The lines you draw as a child – the ones that delineate a landscape, the ones that Google still uses to symbolise that which is an ‘image’ – are seen in each direction you look, through every window you gaze out of. The up/down slope of a mountain, the waves and curves of trees, of clouds, horizon lines where the sky meets the earth.
The simplicity of that, of these lines, is everywhere here, yet there is also a complexity to them, lying within the land, within the mechanisms of earthly, ecological and geographical systems.
The land overtakes you – so much so, at times you can’t see, or don’t know yourself as other from it. You lose the idea of yourself as a thing. Or maybe, more accurately, you become less attached to ideas about things.
Everything is happening below the silence.
When I applied, over a year ago, I wrote about wanting to rekindle with the act of putting paint to a surface. I had imagined myself immersed in oils, spending the days strengthening my ‘technique’ and maybe leaving with some sense of a higher command over a brush. In the end, I barely used a lick of it – its materiality felt almost too manufactured to work with.

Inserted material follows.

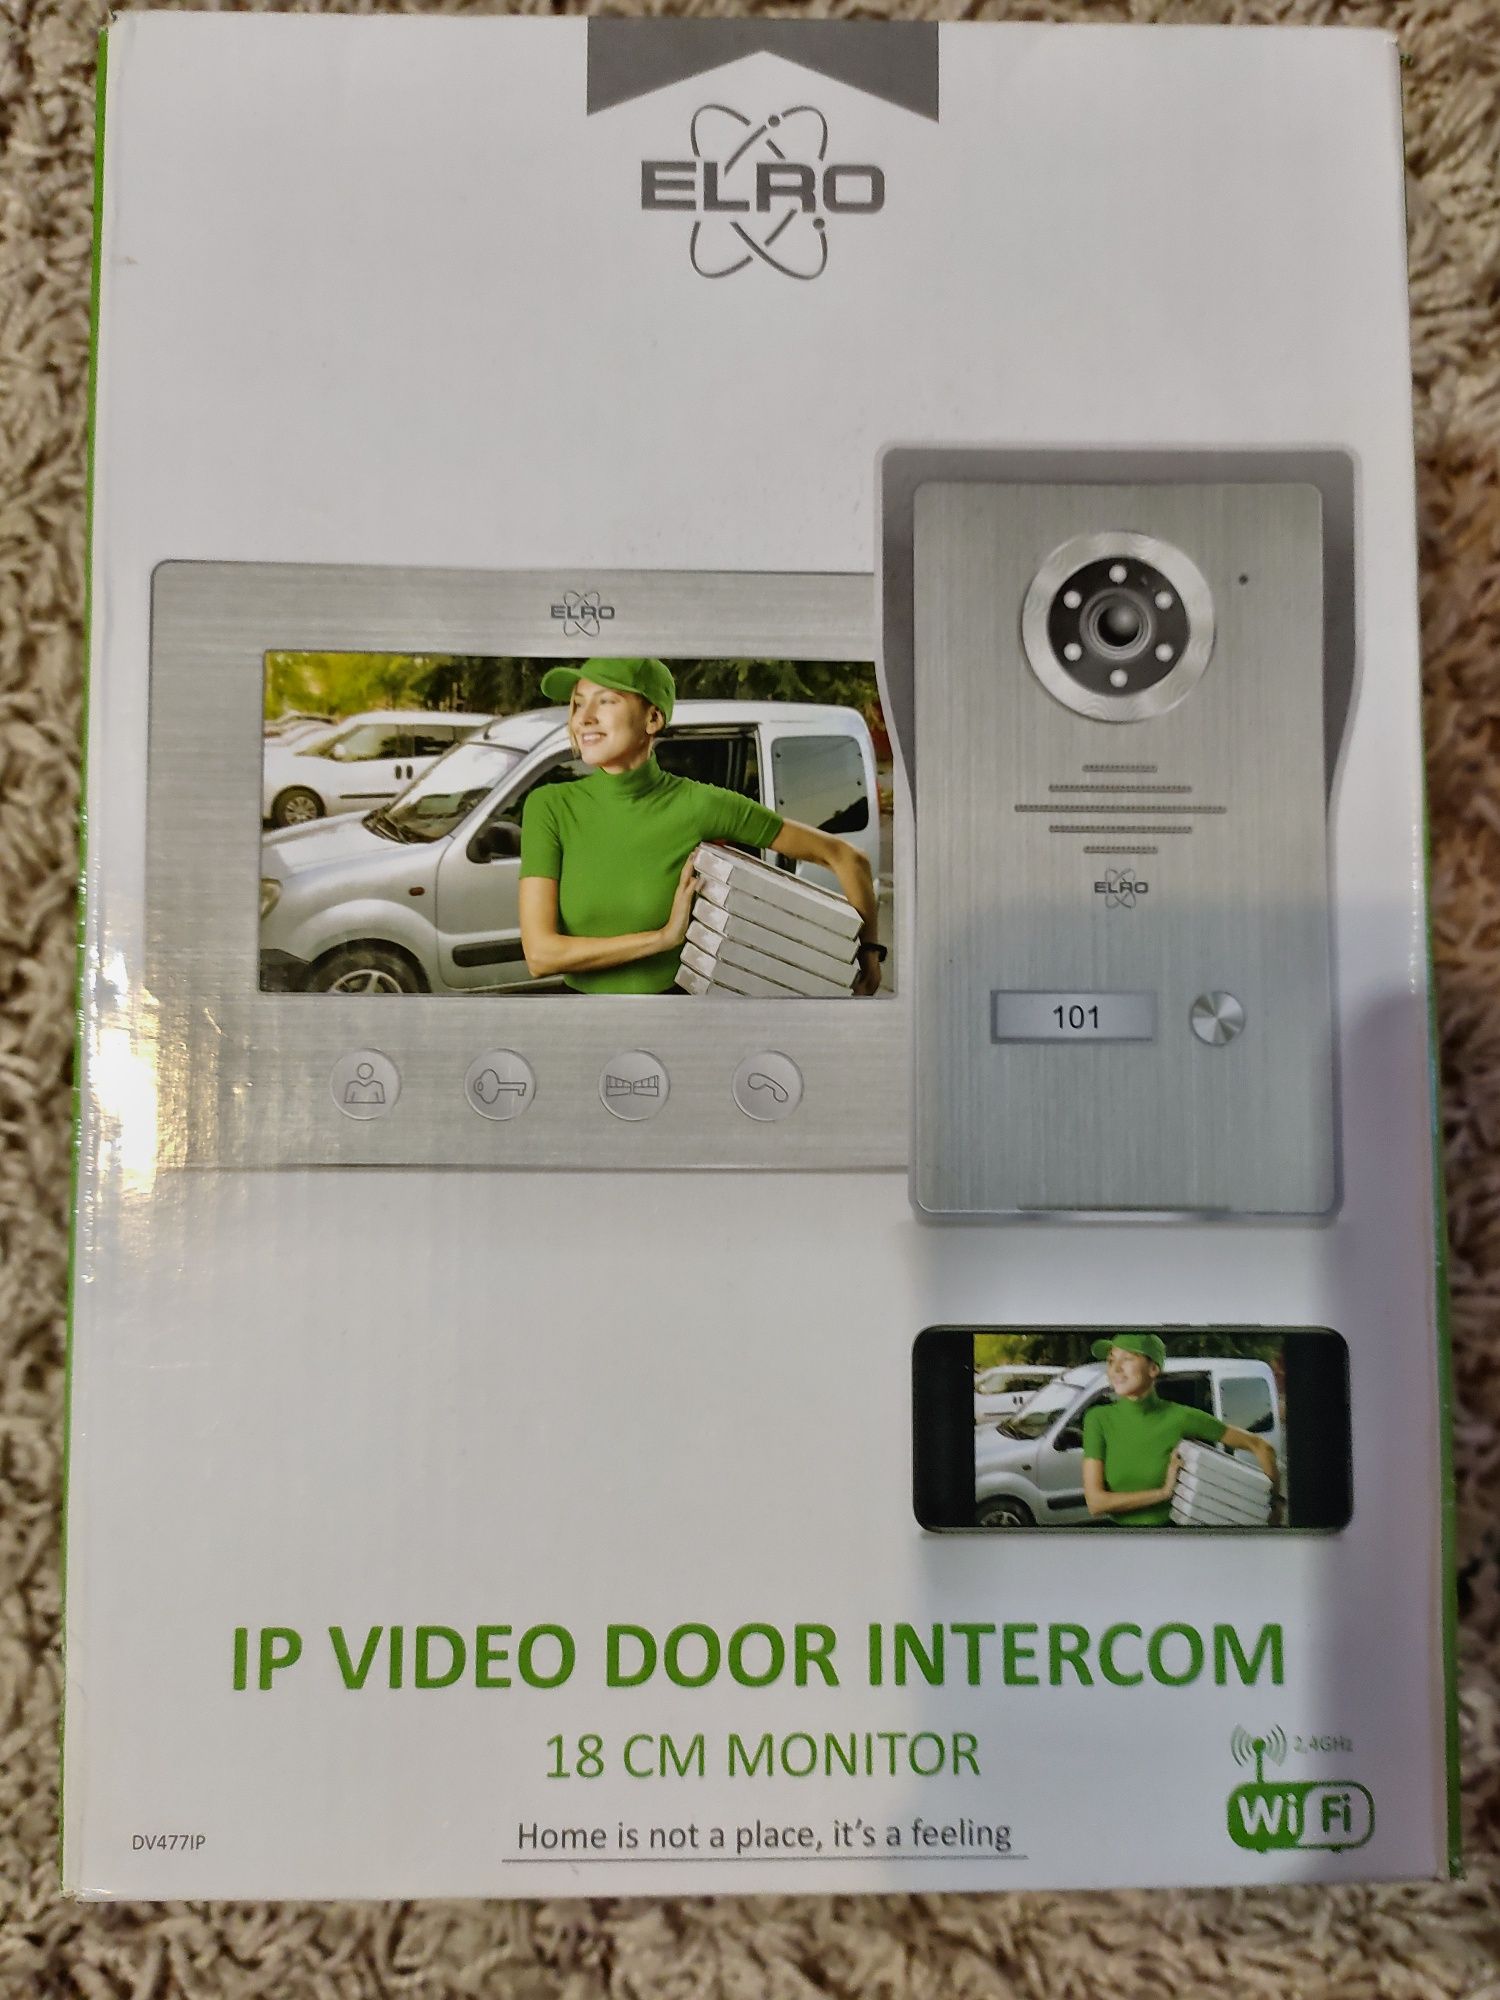 Домофон Elro WI-FI IP VIDEO DOOR Intercom (DV477IP) 18cm

Instead, I made shapes with fabric found from broken deck chairs – fabric that once held the weight of horizontal bodies in repose – containing a stiffness, a bodiliness of their own, that could hold my gestural manipulations in place.
I drew, by way of mixing chalk dust and old rainwater on unprimed pages of a small sketchbook. I used pieces of masking tape to seal the edges of these pages, then transferred the stained tape to the wall outside my studio, gathering a collection of horizon lines, forming outwards. Nature did the rest of the work for me. Sand particles from an unanticipated Saharan dust storm rained down over the land, not only casting everything in an eerie sepia light, but trapping residues of wet dust in the grooves of the tape.
Incidental, elemental paintings – only there if you chose to look.